One of the most distinctive features of Apple silicon chips is that they have two types of CPU core, E (Efficiency) cores that are energy efficient but slower than the P (Performance) cores, which normally run much of the code in the apps we use. Apps don’t decide directly which cores they will be run on, that’s a privilege of macOS, but they register their interest by setting a Quality of Service, or QoS, which is then taken into account when they’re scheduled to run. With the introduction of Game Mode in Sonoma, CPU scheduling can now work differently, with E cores being reserved for the use of games. This article looks at another atypical situation, when running a macOS virtual machine (VM) assigned a set number of virtual cores. How does macOS Sonoma handle that?
CPU cores
M-series chips contain different types and numbers of CPU cores, depending on the model:
- Base models contain 4 E and 4 P cores; for the M1, those are Icestorm and Firestorm respectively, while the M2 has Blizzard and Avalanche. These are configured in two clusters, one containing the E cores, the other the P cores. Within each cluster, all cores are run at the same frequency, and they share L2 cache.

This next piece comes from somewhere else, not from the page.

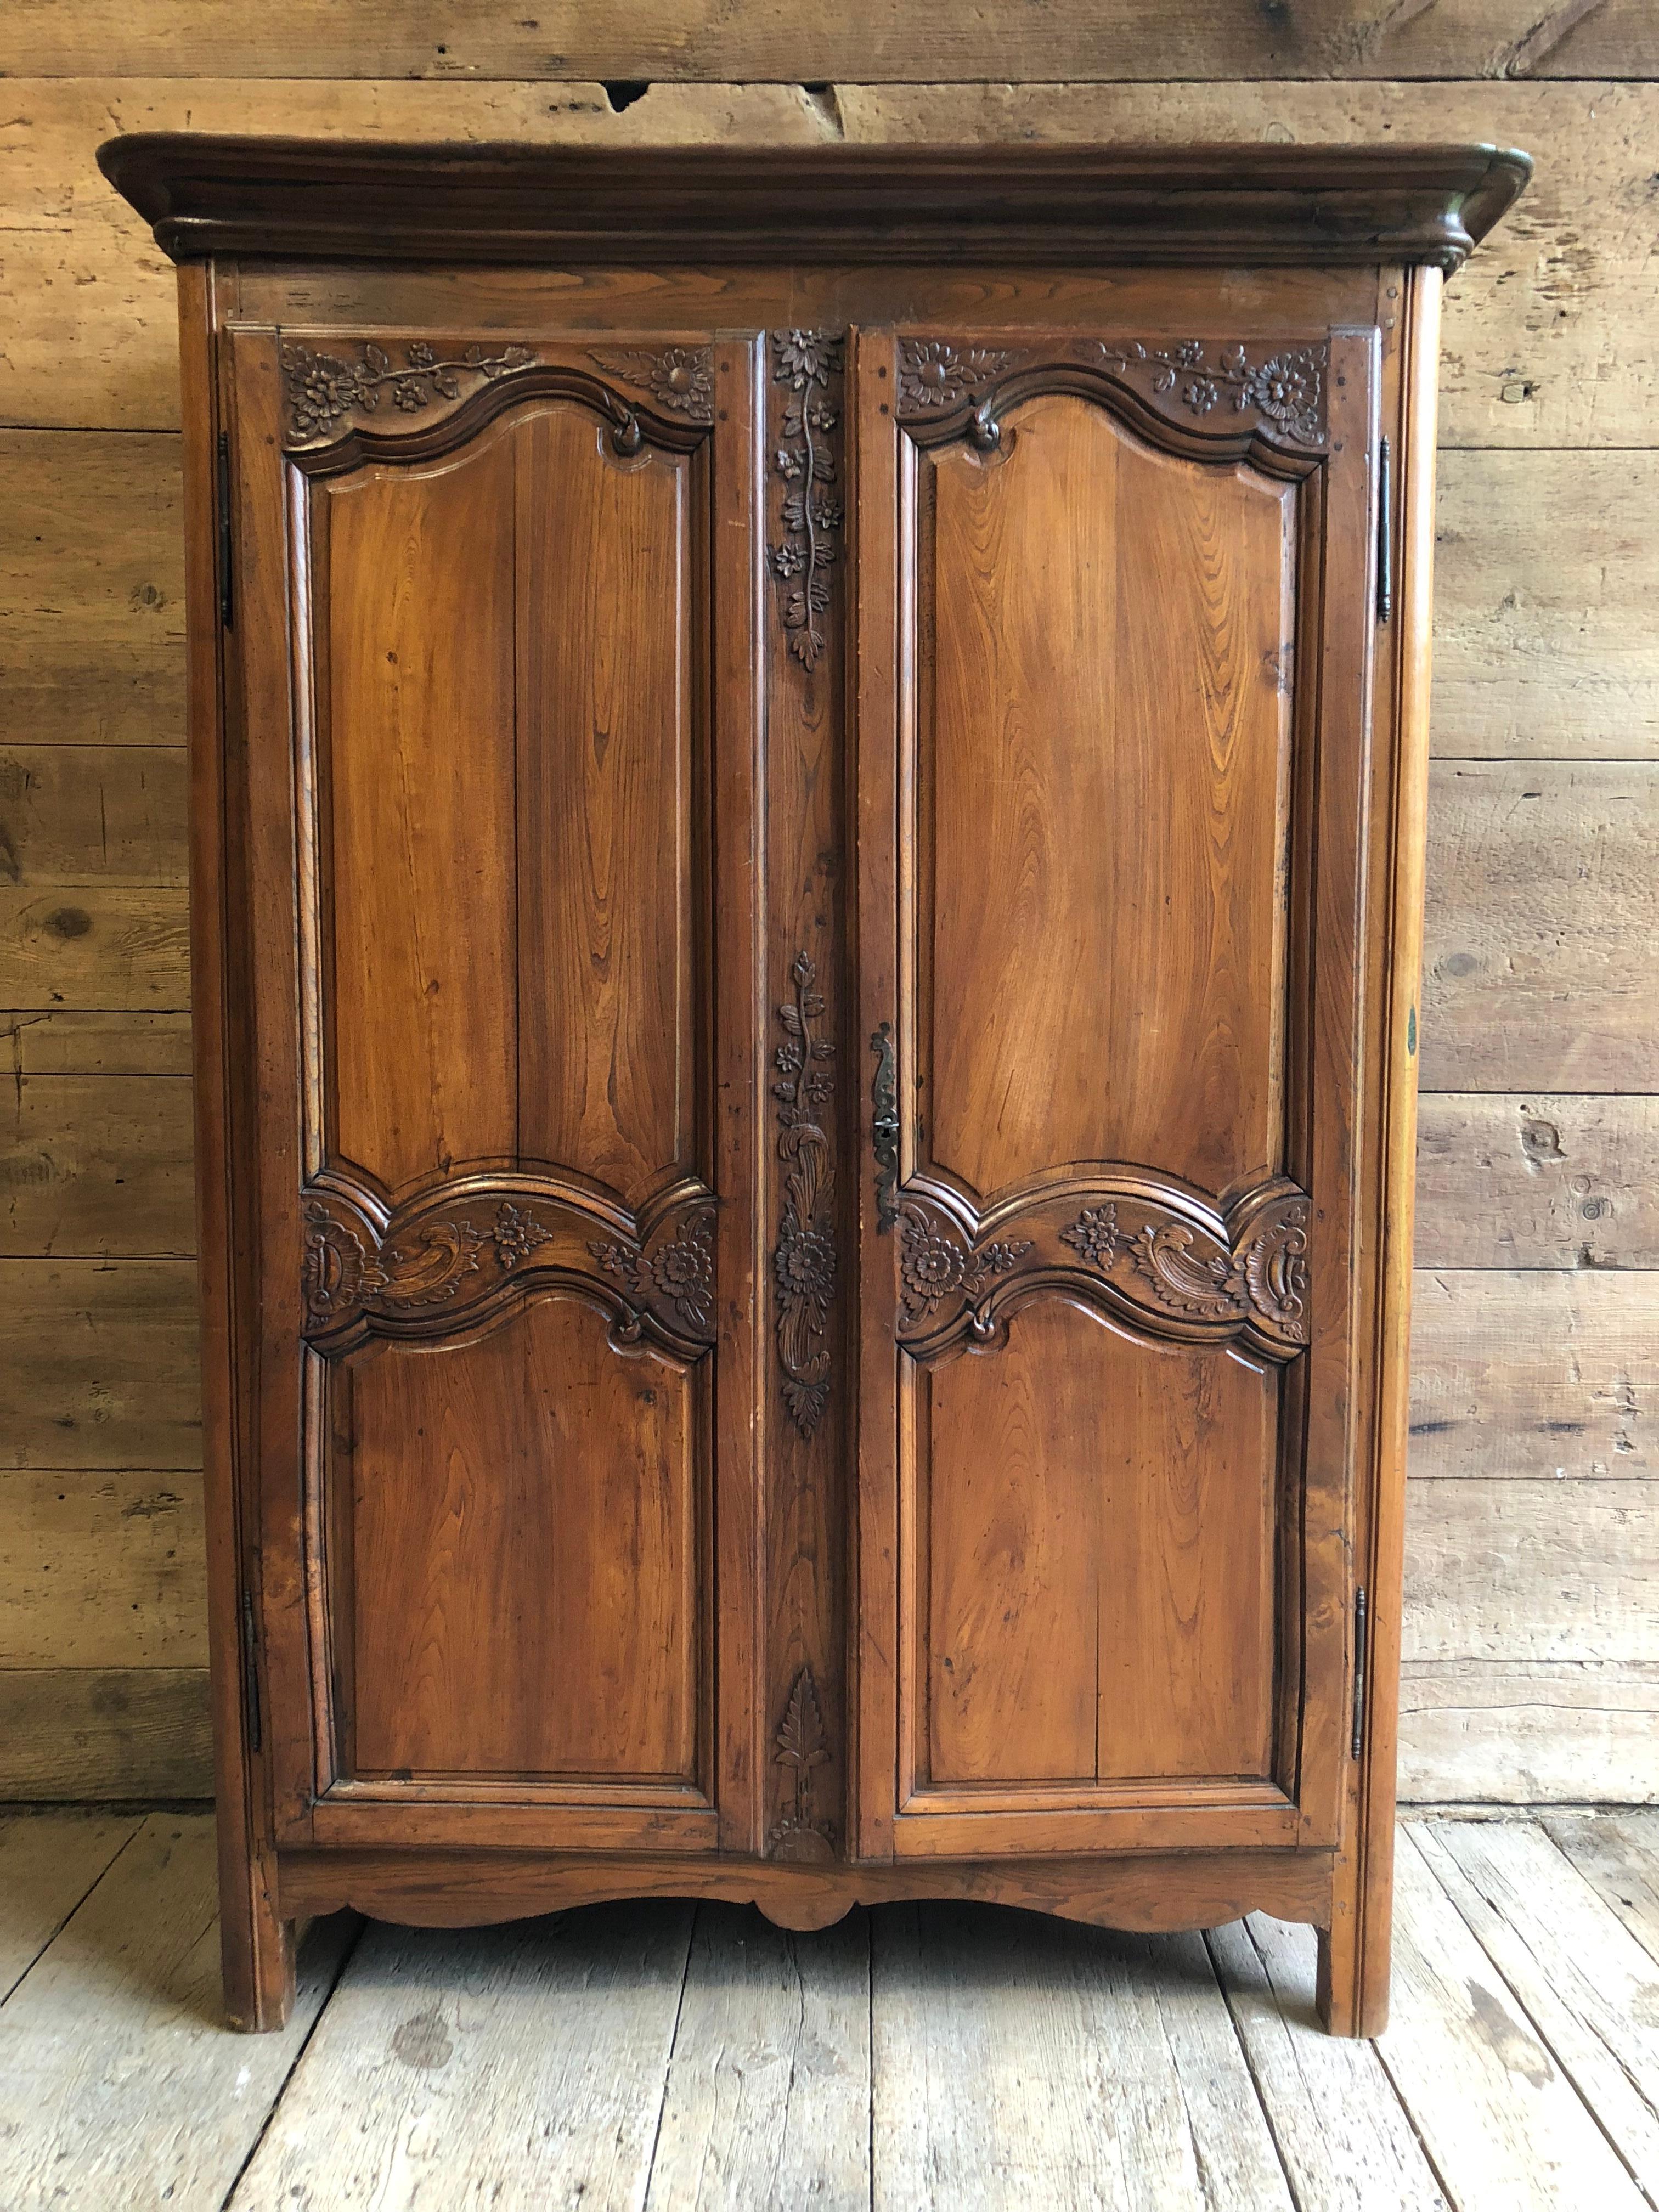 A small scale Louis XV armoire in elm wood, with two doors nicely carved with inset panels, the games carved with vines and flowers. The interior has been recently painted light gray and has 3 adjustable shelves. The piece retains its original

- Pro and Max models contain 2-4 E and 6-8 P cores, in one E cluster and two P clusters, again running at a common frequency within the cluster, and sharing L2 cache.
- Ultra models contain 4 (M1) or 8 (M2) E and 16 P cores, their clusters having common frequencies and L2 caches.
In broad terms, allocation of executable threads to different cores depends on:
- The QoS assigned to each thread. Those given low values for background and maintenance tasks, including Time Machine backups and Spotlight indexing, are run on E cores, and have no external control to allow their rescheduling to P cores. Those with higher QoS can be run on either P or E cores, and external controls can restrict them to E cores alone, although they’ll normally be run on P cores when they’re available.
- Clustering. Because all cores in a cluster run at the same frequency, it’s more efficient to recruit additional cores in the same cluster, as they’ll already be running at a higher frequency, rather than a core in a different cluster, whose frequency may then need to be increased. Clusters are normally recruited in sequence too: in Macs with two P clusters, threads are normally run on the first of those (P0), and only when additional cores are required is the second (P1) recruited. Running with a light load, P0 is therefore likely to be more active than other P clusters, which may spend long periods idling.
- Order within a cluster. Although applied more loosely than other principles, there is an observed tendency to recruit cores in order within a cluster. Where the P0 cluster contains cores P2, P3, P4 and P5, threads tend to be loaded onto P2 first, and P5 last. However, running threads are often relocated within a cluster, following which P2 may be left idle, while P5 bears the brunt.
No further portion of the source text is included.